Meskipun biji-bijian utuh adalah ramuan awet muda bagi orang biasa, tiga kelompok mungkin kesulitan mencerna—perhatikan
Encyclopedic
PRE
NEXT
Manusia secara tradisional telah berkembang dengan mengonsumsi biji-bijian utuh dan kacang-kacangan. Meskipun diet modern masih mencakup bahan pokok ini, terdapat perbedaan mendasar dalam sifatnya. Diet kontemporer sebagian besar terdiri dari biji-bijian olahan, namun biji-bijian utuh menawarkan manfaat kesehatan yang lebih besar. Artikel ini mengeksplorasi keunggulan tersebut. Namun, meskipun memiliki kelebihan, biji-bijian utuh tidak cocok untuk semua orang. Penting untuk menilai apakah seseorang termasuk dalam kategori yang harus menghindarinya.
Gandum utuh menawarkan lima manfaat kesehatan utama:
Pertama, mereka merangsang gerakan usus. Kaya akan serat tumbuhan yang sulit dicerna, gandum utuh merangsang aktivitas usus, secara signifikan meredakan sembelit. Hal ini terbukti sangat efektif dalam mengatasi ketidakseimbangan metabolik dan kulit kusam.Setelah biji-bijian utuh masuk ke dalam tubuh, serat tumbuhan ini merangsang pergerakan limbah metabolik dan toksin di dalam usus, meningkatkan peristaltik usus. Hal ini membantu mengeluarkan produk limbah metabolik dari tubuh. Seiring dengan eliminasi toksin, kesehatan secara keseluruhan membaik, dan kulit menjadi lebih cerah.Gandum utuh memiliki sifat anti-kanker yang kuat. Mereka mencakup berbagai jenis, termasuk kacang-kacangan yang kaya protein, asam amino, dan vitamin. Vitamin A, misalnya, mempromosikan pembelahan sel dan secara efektif mencegah pertumbuhan sel kanker. Selain itu, sebagian besar gandum utuh mengandung serat makanan yang melimpah, yang mengurangi waktu limbah metabolik tinggal di usus. Hal ini meminimalkan kemungkinan mutasi sel, terbukti sangat efektif dalam mencegah kanker kolorektal.
Kedua, mengelola tiga faktor risiko tinggi. Konsumsi biji-bijian utuh secara moderat dapat menurunkan tekanan darah dan kadar lipid. Makanan olahan menyebabkan lonjakan gula darah yang cepat setelah dicerna, sedangkan biji-bijian utuh memiliki indeks glikemik yang lebih rendah, sehingga menjaga kadar gula darah tetap stabil. Kadar lipid yang stabil juga meningkatkan kontrol metabolisme lipid. Selain itu, peningkatan konsumsi biji-bijian utuh mempromosikan sirkulasi darah yang lebih lancar, sehingga meredakan hipertensi.

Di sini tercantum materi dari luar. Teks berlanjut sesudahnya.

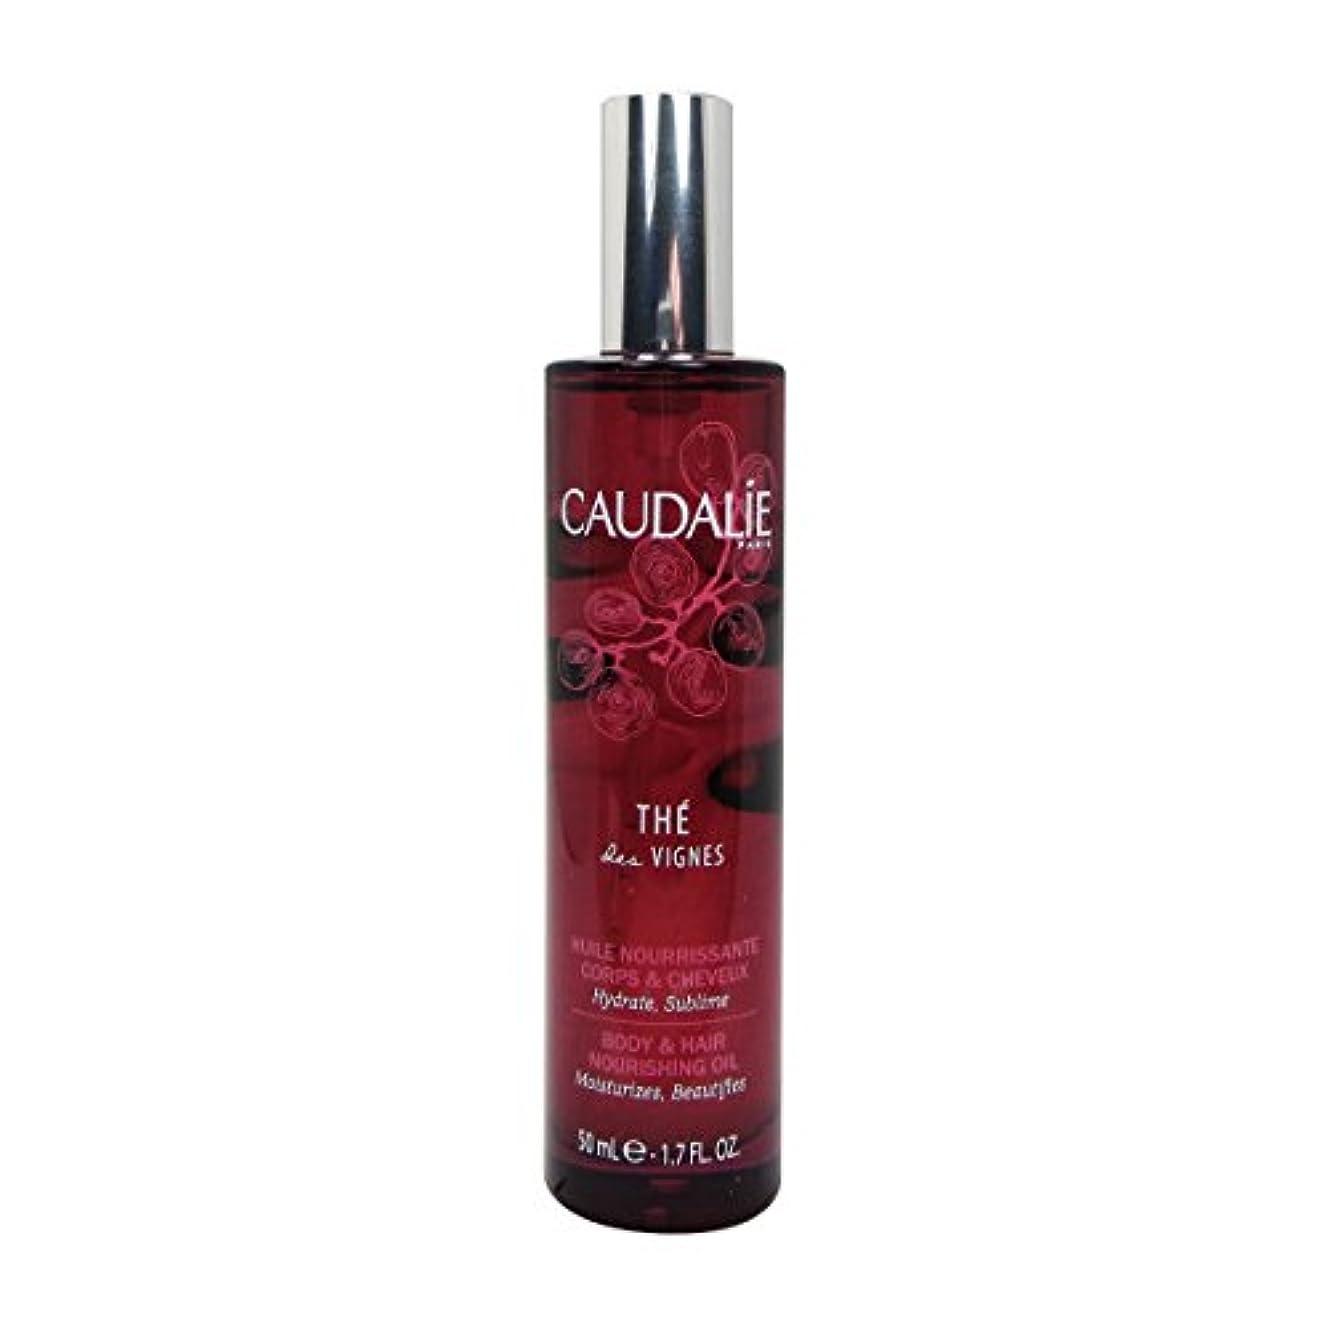 Caudalie Th De Vignes Hair And Body Oil 50ml [並行輸入品]

Akhirnya, menunda penuaan. Biji-bijian utuh mengandung berbagai unsur mikro yang membantu menghilangkan radikal bebas dalam tubuh dan menstabilkan lingkungan internal, sehingga mencapai efek anti-penuaan. Beberapa biji-bijian utuh juga mengandung asam linoleat dan minyak volatil, yang dapat memperhalus tekstur kulit. Serat makanan mempromosikan gerakan usus dan membantu pengelolaan berat badan. Secara keseluruhan, efek-efek ini berkontribusi dalam memperlambat proses penuaan.

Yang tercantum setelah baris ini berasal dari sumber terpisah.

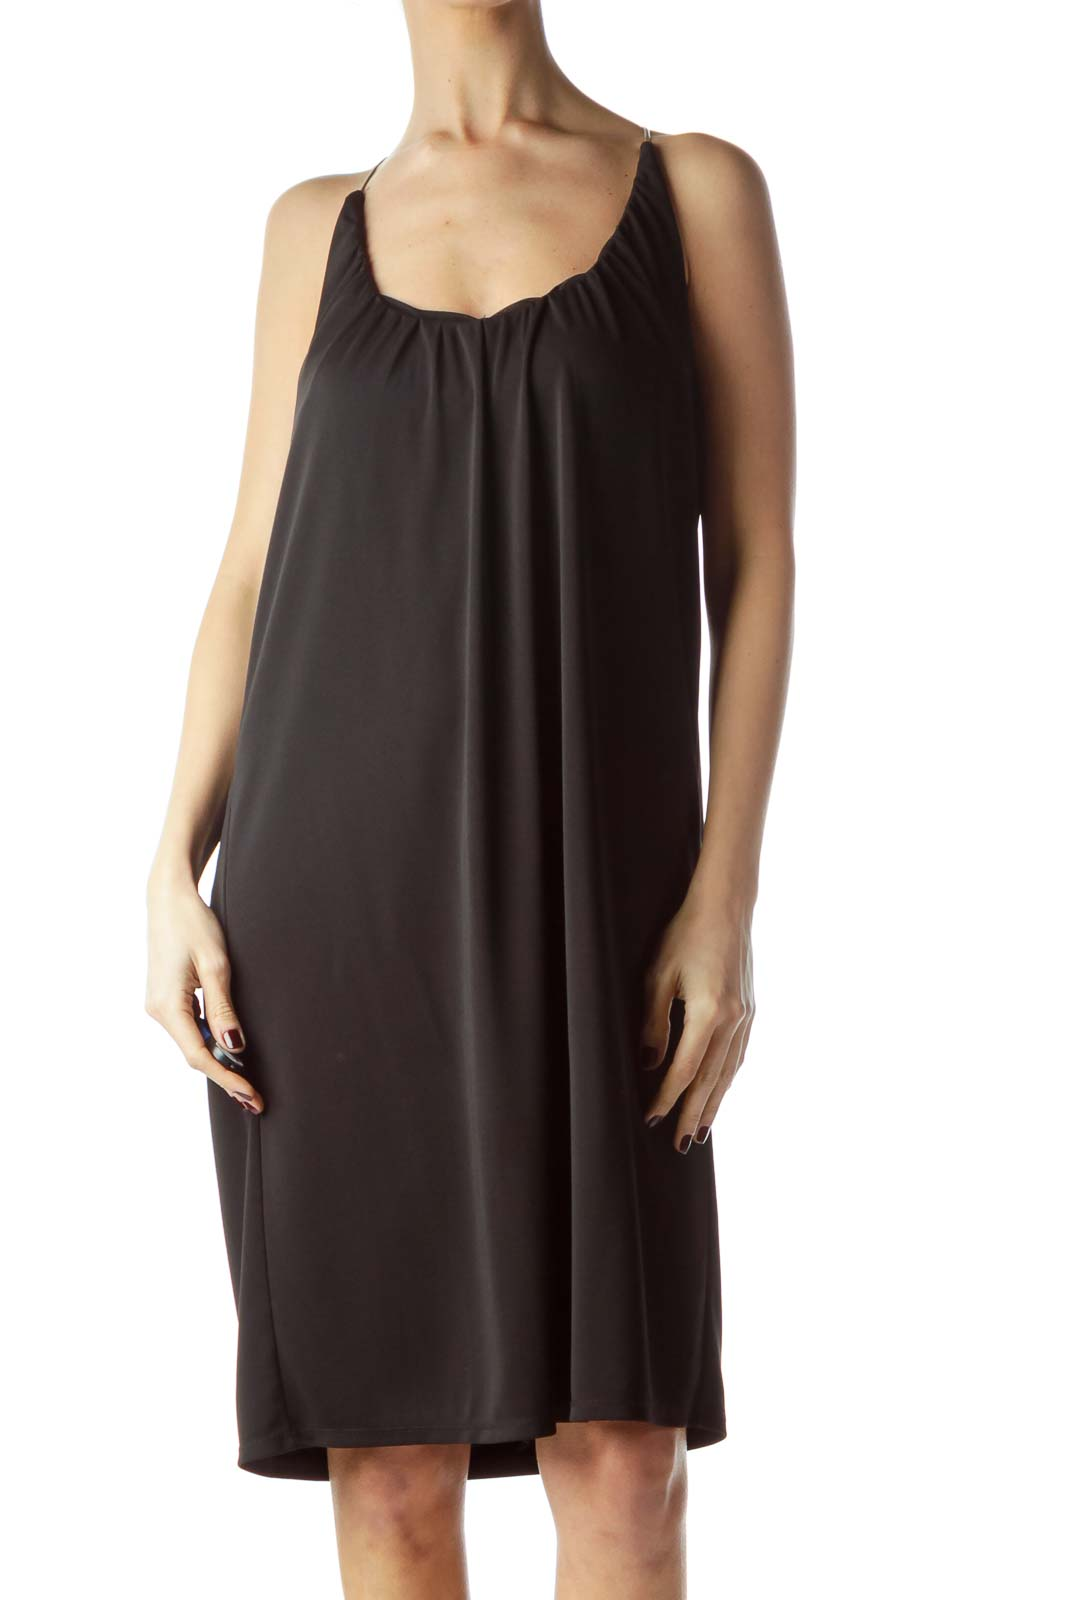 Black Shift Dress with Metallic Straps

Meskipun biji-bijian utuh menawarkan banyak manfaat kesehatan, mereka tidak cocok untuk semua orang. Sebelum memasukkannya ke dalam diet, penting untuk menentukan kesesuaiannya untuk menghindari potensi bahaya. Berikut ini adalah orang-orang yang sebaiknya menghindari biji-bijian utuh:
1. Mereka yang memiliki fungsi pencernaan yang buruk
Kandungan serat makanan yang tinggi dalam biji-bijian utuh membantu memperlancar gerakan usus, tetapi konsumsi berlebihan dapat mengiritasi lambung dan usus.Tekstur kasar biji-bijian utuh dapat membebani sistem pencernaan jika fungsi pencernaan seseorang sudah terganggu.